Ее считают взрослой, она будет помогать отцу и зарабатывать деньги! Так даже лучше, потом можно будет сказать подружкам, что она заработала на айфон сама.
И пускай Дашка Лихачева сколько угодно дергает плечом и презрительно щурится – дескать, родители на то и существуют, чтобы потакать детям во всем, это их долг – все покупать и всячески баловать, все в классе знают, что по математике Дашка тормоз и родители ее сменили уже трех репетиторов, последний ушел со скандалом, обозвав Дашку на прощание тупой коровой.
– Да, вот еще что… – отец поглядел строго, – ты маме ничего не говори. Потому что она всполошится – как это, куда девочке ездить на другой конец города, начнет ахать и охать…
– Я поняла, – Маша кивнула.
– Вот-вот. Пусть это будет нашей с тобой тайной. Никто не будет знать – только ты и я, хорошо?
– Хорошо… даю слово.
И вот с тех пор она ездила на улицу Фиолетова каждую неделю. И опускала в почтовый ящик конверт. Она понятия не имела, что в этом конверте, он был заклеен. Обычный белый конверт, никаких картинок и надписей. Да ей и неинтересно было знать, что там. Мало ли какие у отца дела…
В прошлую среду она приехала и нажала номер квартиры на домофоне.
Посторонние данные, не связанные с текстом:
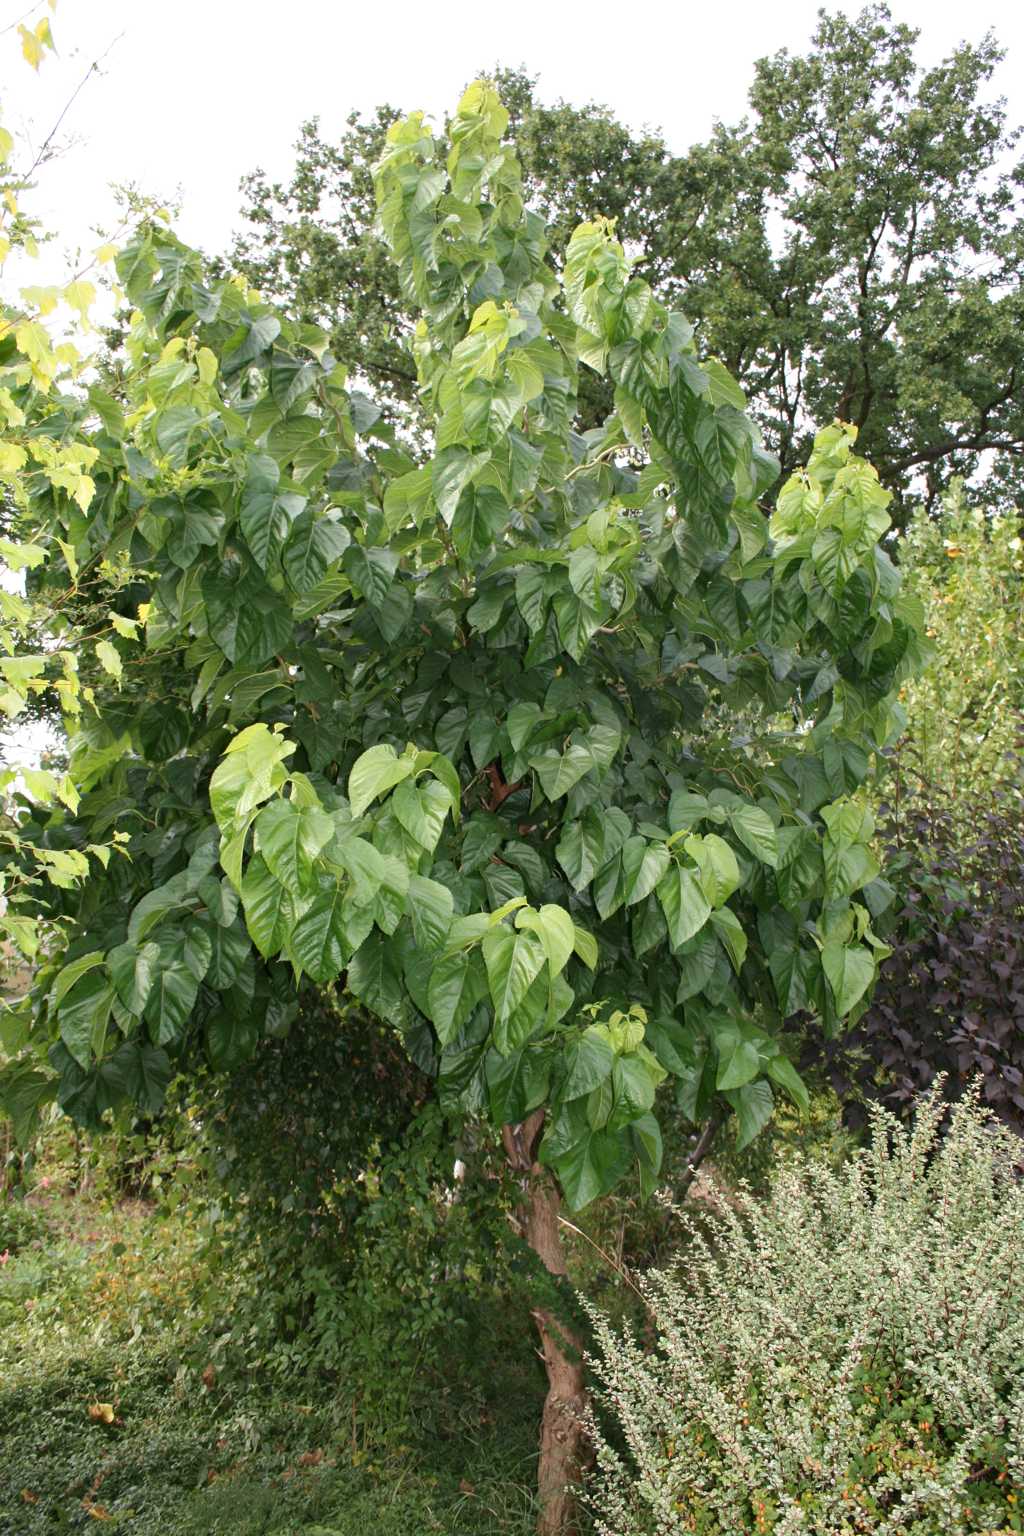 Morwa szerokolistna "Spirata" / Morus latifolia "Spirata"

И стояла долго, потому что ей никто не ответил. А потом дверь открылась, и из подъезда выскочил парень с собакой. Собака от неожиданности зарычала на Машу, и она поскорее проскочила в дверь. Все равно ведь ей нужно было в шестнадцатую квартиру, где жила Алина Михайловна. Но сначала – дело. И она машинально опустила конверт в почтовый ящик. А потом поднялась в шестнадцатую квартиру. Дверь оказалась открытой, и она, как полная дура, вломилась туда…
Машу передернуло, потому что перед глазами снова встало лицо убитой учительницы. Зачем, зачем она выскочила со своим предложением зайти к ней? Хотела помочь…
И еще потому, поняла она, что видела Алину Михайловну в предыдущую среду. Она тогда выходила из подъезда, а Маша входила. Маша еще удивилась, что они едва не столкнулись, а учительница ее не узнала. Правда, Маша сама ее едва узнала – одета была Алина Михайловна как картинка, сапоги на высоченных каблуках, волосы пышные. Хотела Маша про это подружкам рассказать, да не стала. Начнут спрашивать – где была, да зачем туда ездила, а она же слово дала отцу – никому про это не говорить.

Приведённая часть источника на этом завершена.